Аполлон Аполлонович подал два своих пальца, те глаза не глядели ужасно; подлинно - то ли лицо на него поглядело на улице: Аполлон Аполлонович увидал пред собой только робкого человека, очевидно пришибленного нуждой.
Александр Иванович с жаром ухватился за пальцы сенатора; то роковое отлетело куда-то: Александр Иванович пред собой увидал только жалкого старика.
Николай Аполлонович на обоих глядел с той неприятной улыбкой; но и он успокоился; робеющий молодой человек подал руку усталому остову.
Но сердца троих бились; но глаза троих избегали друг друга".
Несколько часов назад они смотрели друг на друга как враги: разночинец на мокрой улице с бомбой-узелком в зигзагообразной руке - и сенатор в футлярном кубе лакированной кареты. "Незнакомец поднял глаза и - за зеркальным каретным стеклом, от себя в четырехвершковом пространстве, увидал не лицо он, а... череп в цилиндре да огромное бледно-зеленое ухо.
В ту же четверть секунды сенатор увидел в глазах незнакомца - ту самую бескрай-ность хаоса, из которой исконно сенаторский дом дозирает туманная, многотрубная даль и Васильевский Остров".
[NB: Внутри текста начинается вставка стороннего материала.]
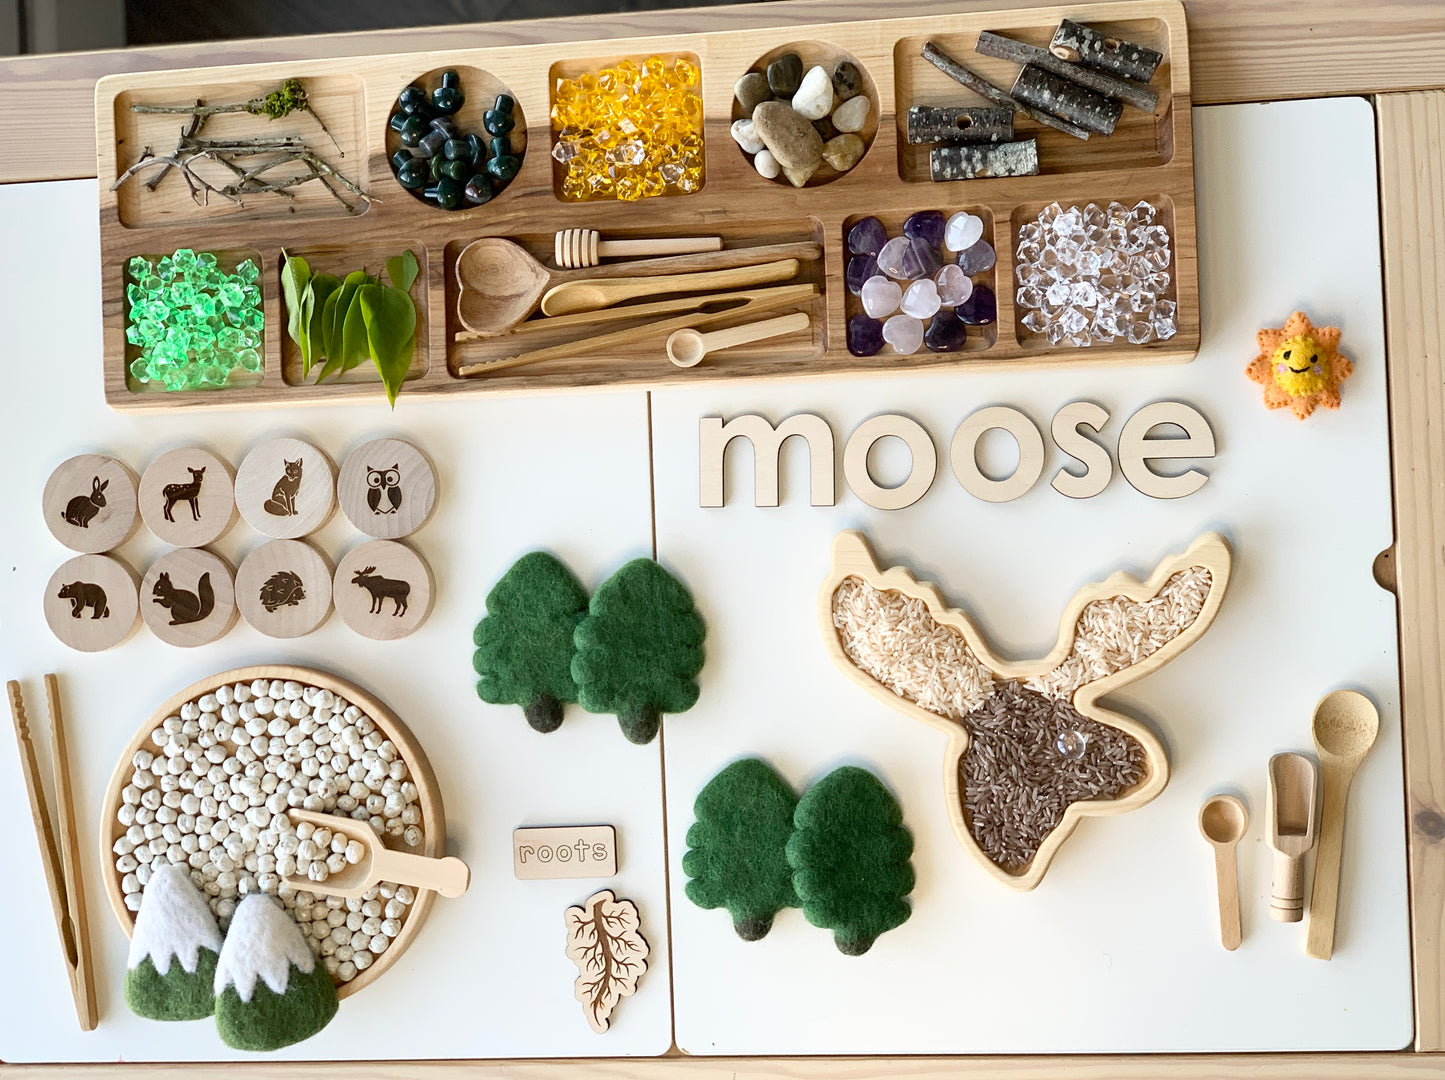 Moose Plate / Sensory Tray

И вдруг оппозиция меняется: робкий молодой человек подает руку безобидному старику, со стороны на них смотрит Аблеухов-сын, и этот треугольник взглядов охвачен кольцом авторского всеведения.
Такое фасеточное зрение кажется литературной аналогией живописному кубизму.
На разных стадиях работы Белый называл свой роман "Путники", "Тени", "Злые тени", "Адмиралтейская игла". Окончательное заглавие придумал его литературный соратник. "И кстати сказать: "Петербург", то заглавие романа придумал не я, а Иванов: роман назвал я "Лакированною каретою"; но Иванов доказывал мне, что название не соответствует "поэме" о Петербурге; да, да: Петербург в ней - единственный, главный герой; стало быть; пусть роман называется "Петербургом"; заглавие мне казалося претенциозным и важным; В. И. Иванов меня убедил так называть мой роман" ("Воспоминания о Блоке").
Вяч. Иванов практически повторял слова Белинского о поэме "Медный всадник", на которую ориентировался и сам Белый: "Настоящий герой ее Петербург". Он почувствовал смену художественной доминанты: от человека - к городу, пространственному образу, притягательному, пугающему, неуловимому.
Белый точно воспроизводит структуру пушкинско-гоголевско-достоевского петербургского текста, ставшего петербургским мифом.
Вот "город пышный" - холодный громадный дом сенатора, департамент с золочеными лестницами, обманный Невский.
Вот "город бедный" - каморка Дудкина на Васильевском, грязный трактир, дачный домик с тараканами, где Дудкин убивает Липпанченко.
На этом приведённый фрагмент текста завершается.